> _DATASET EXCERPT_:
_ _ _ _ _
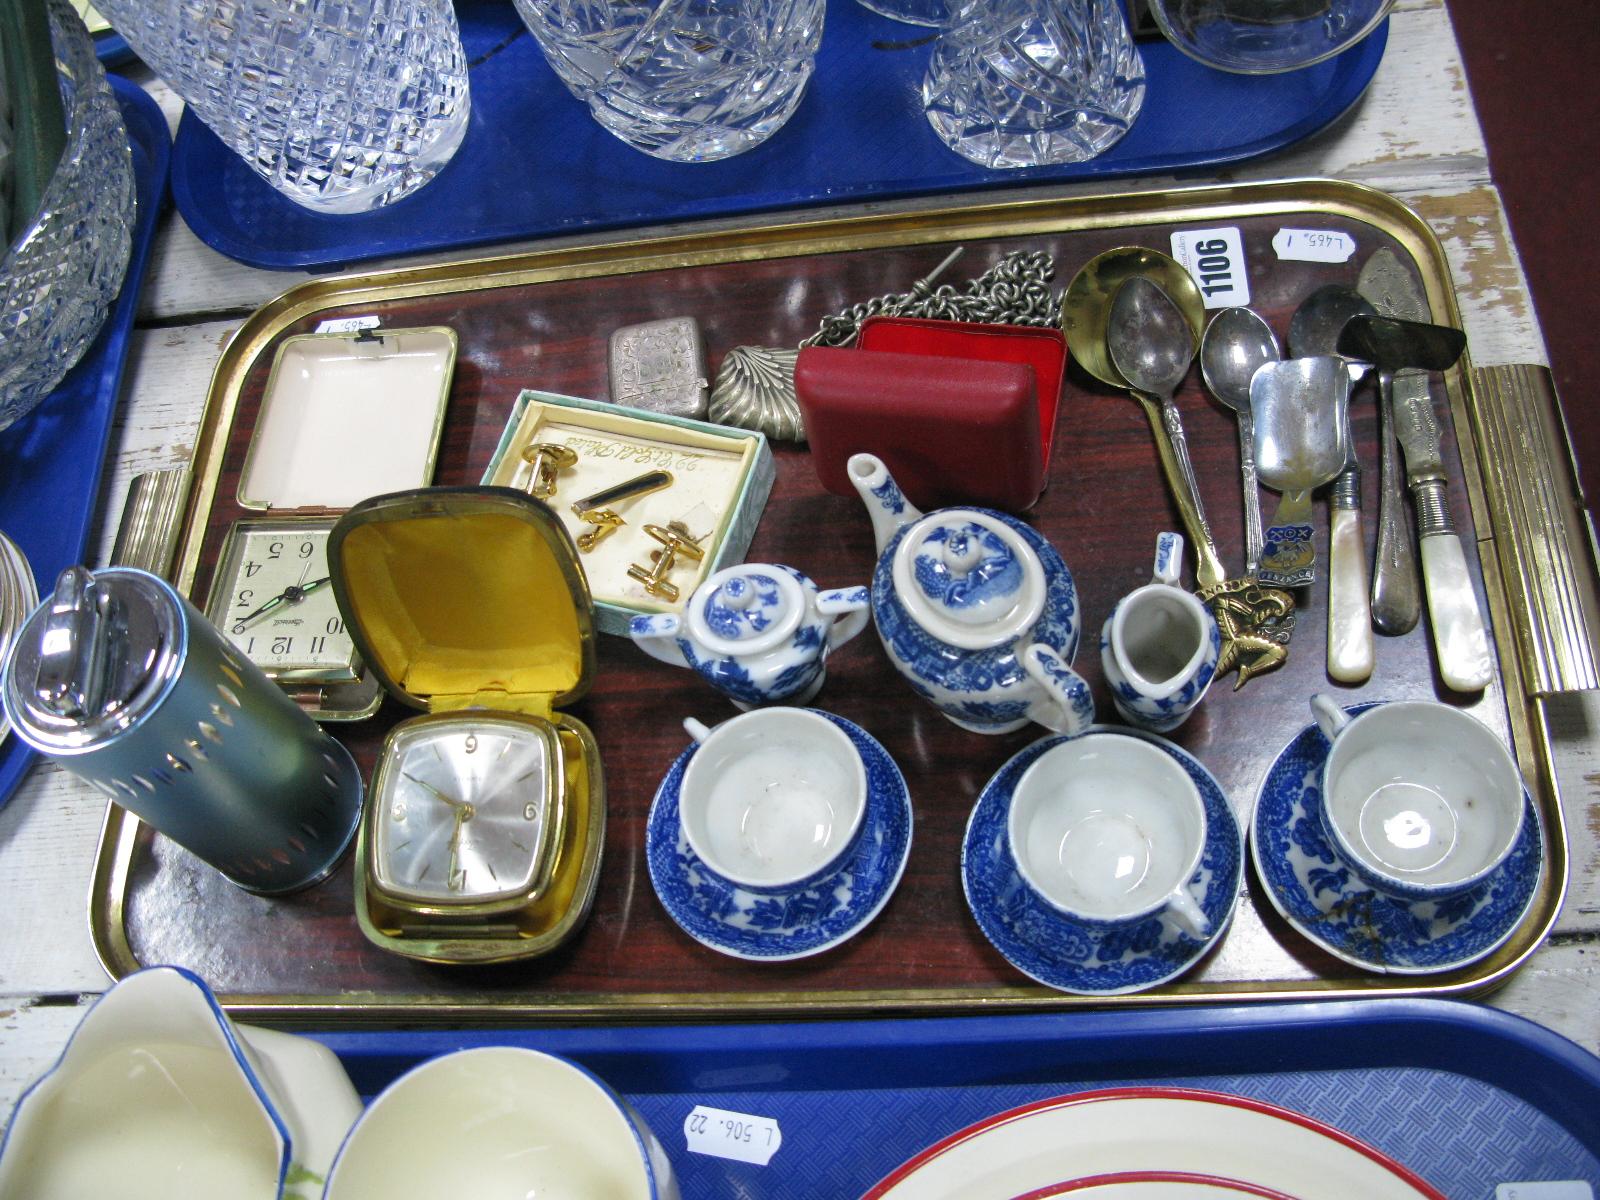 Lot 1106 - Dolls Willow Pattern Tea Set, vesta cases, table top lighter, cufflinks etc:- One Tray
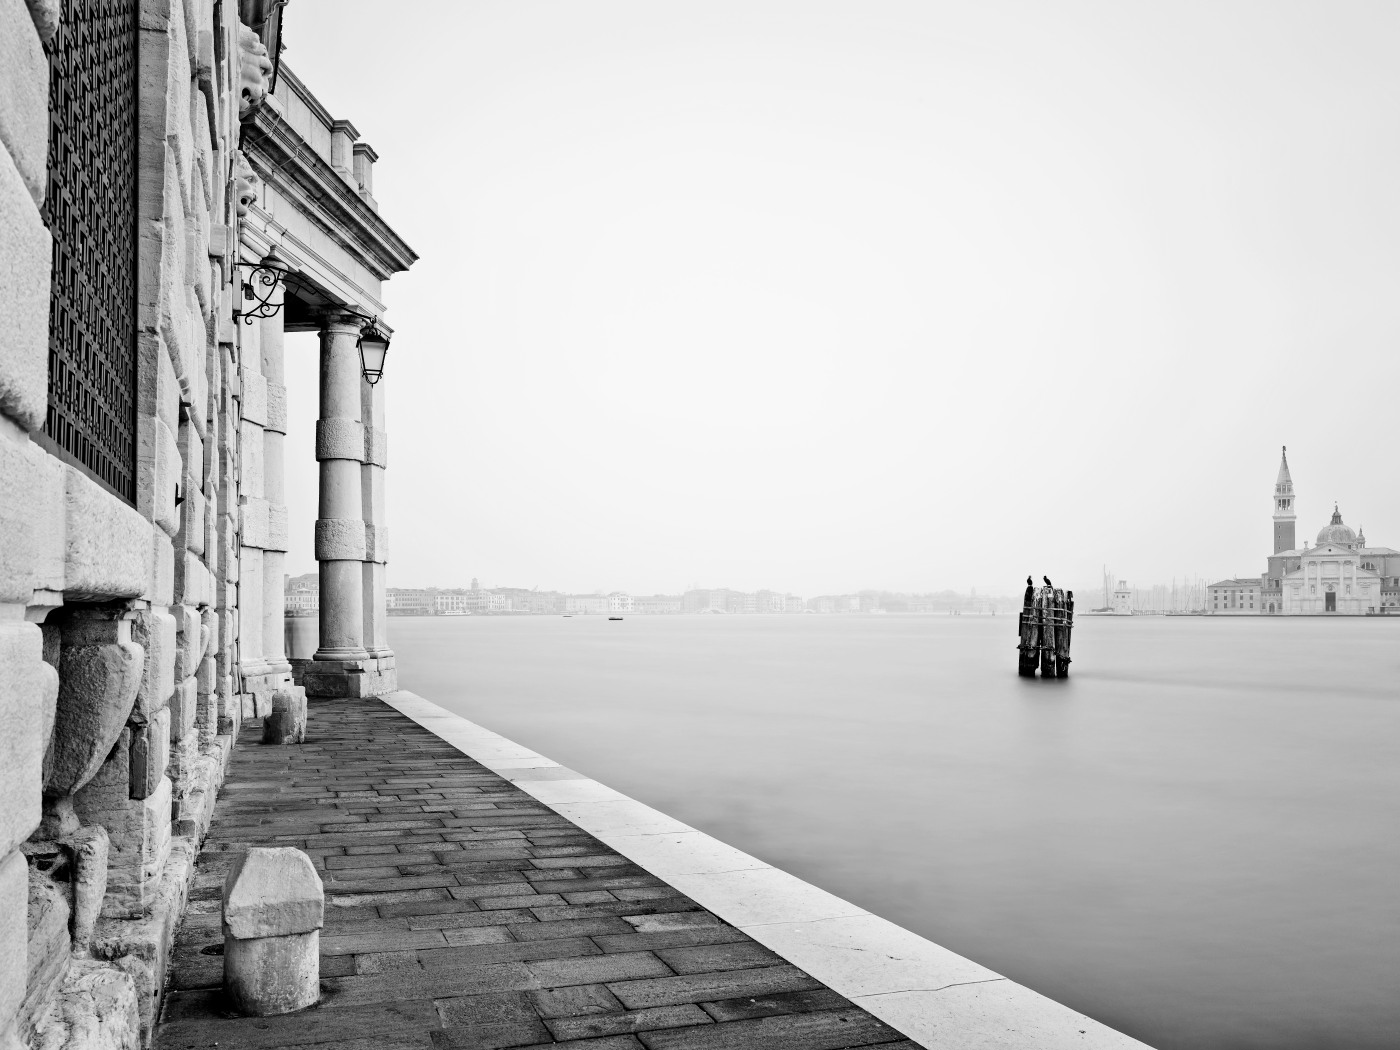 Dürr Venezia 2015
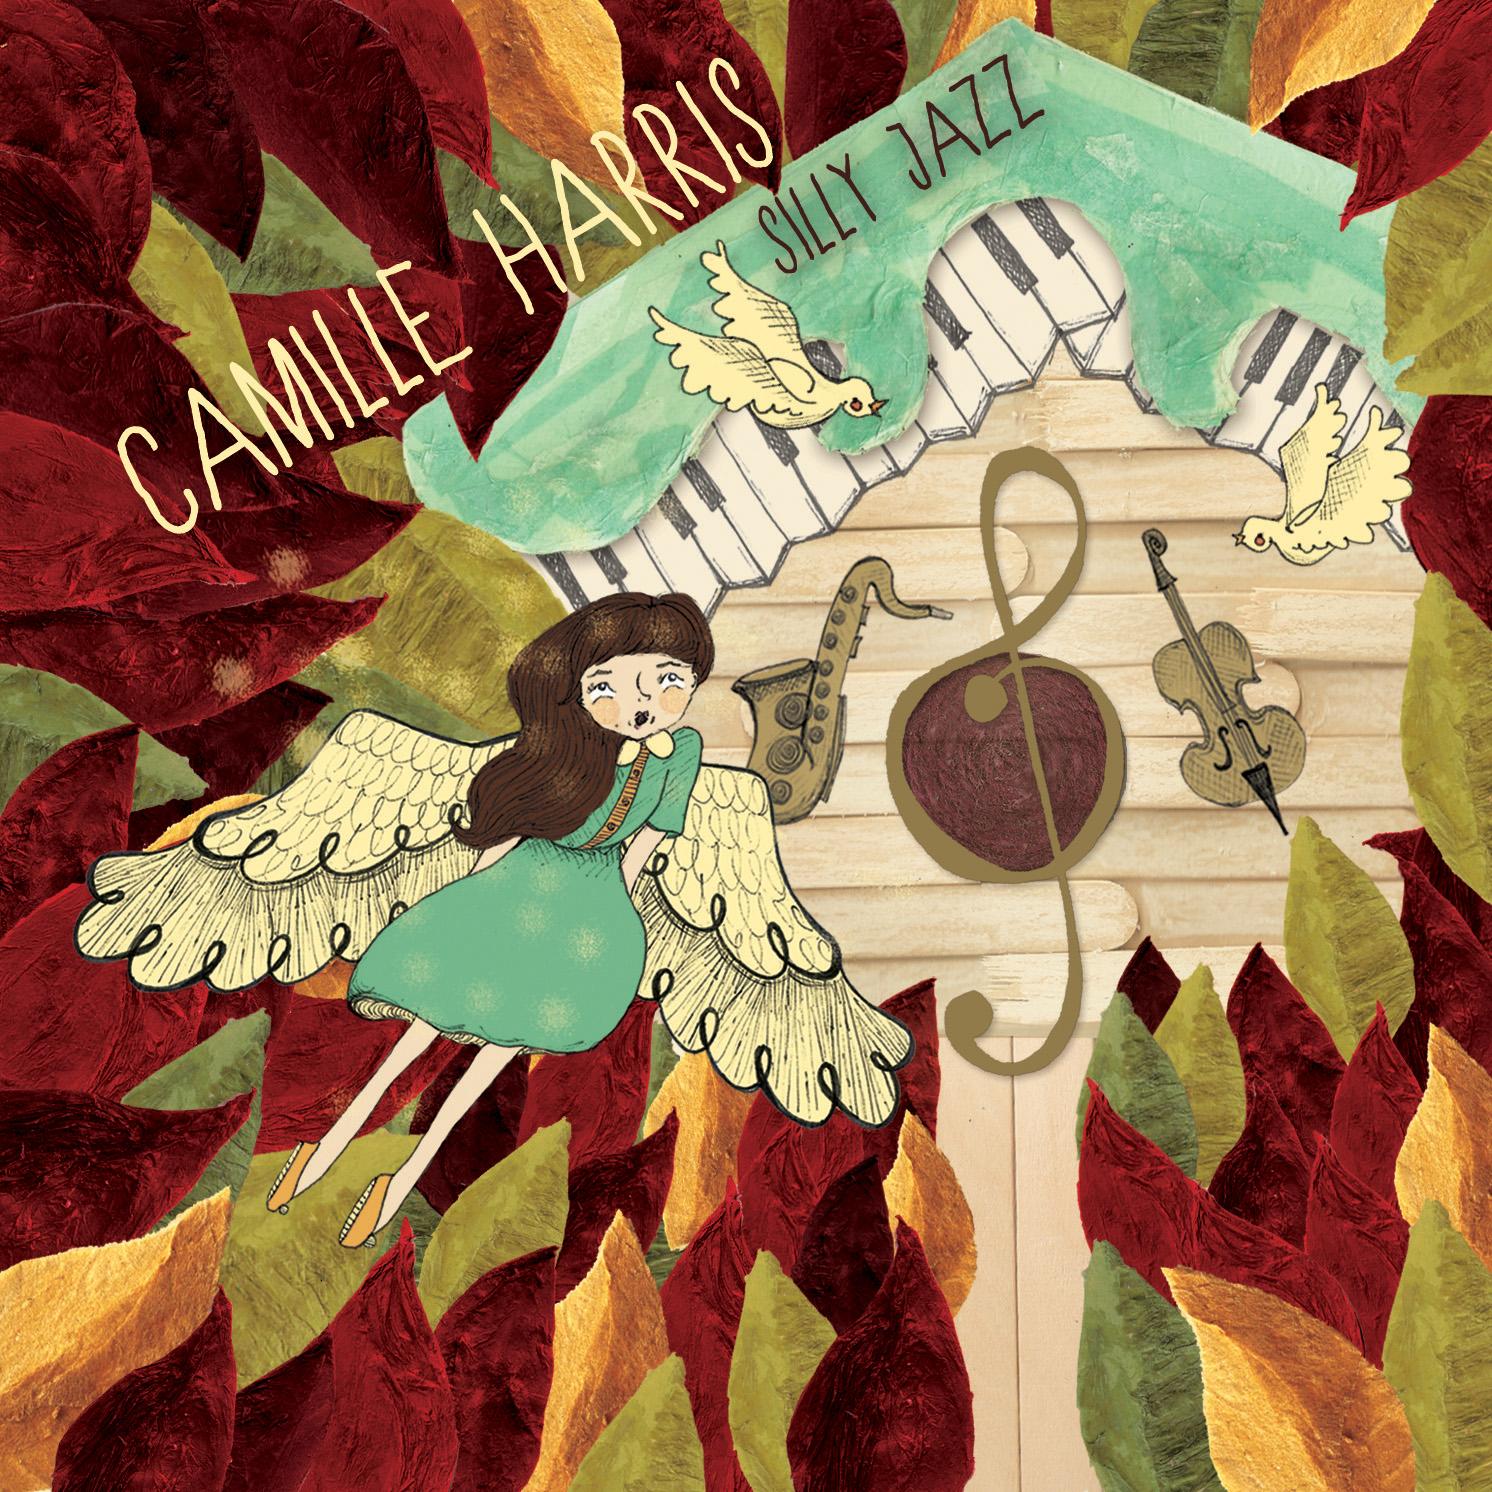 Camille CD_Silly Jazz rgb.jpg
_ _ _ _ _
> _ASSIGNMENT_:
Keep every word of the material exactly as given. Drop the pictures.

> _RESPONSE BOX_:
 Lot 1106 - Dolls Willow Pattern Tea Set, vesta cases, table top lighter, cufflinks etc:- One Tray
 Dürr Venezia 2015
 Camille CD_Silly Jazz rgb.jpg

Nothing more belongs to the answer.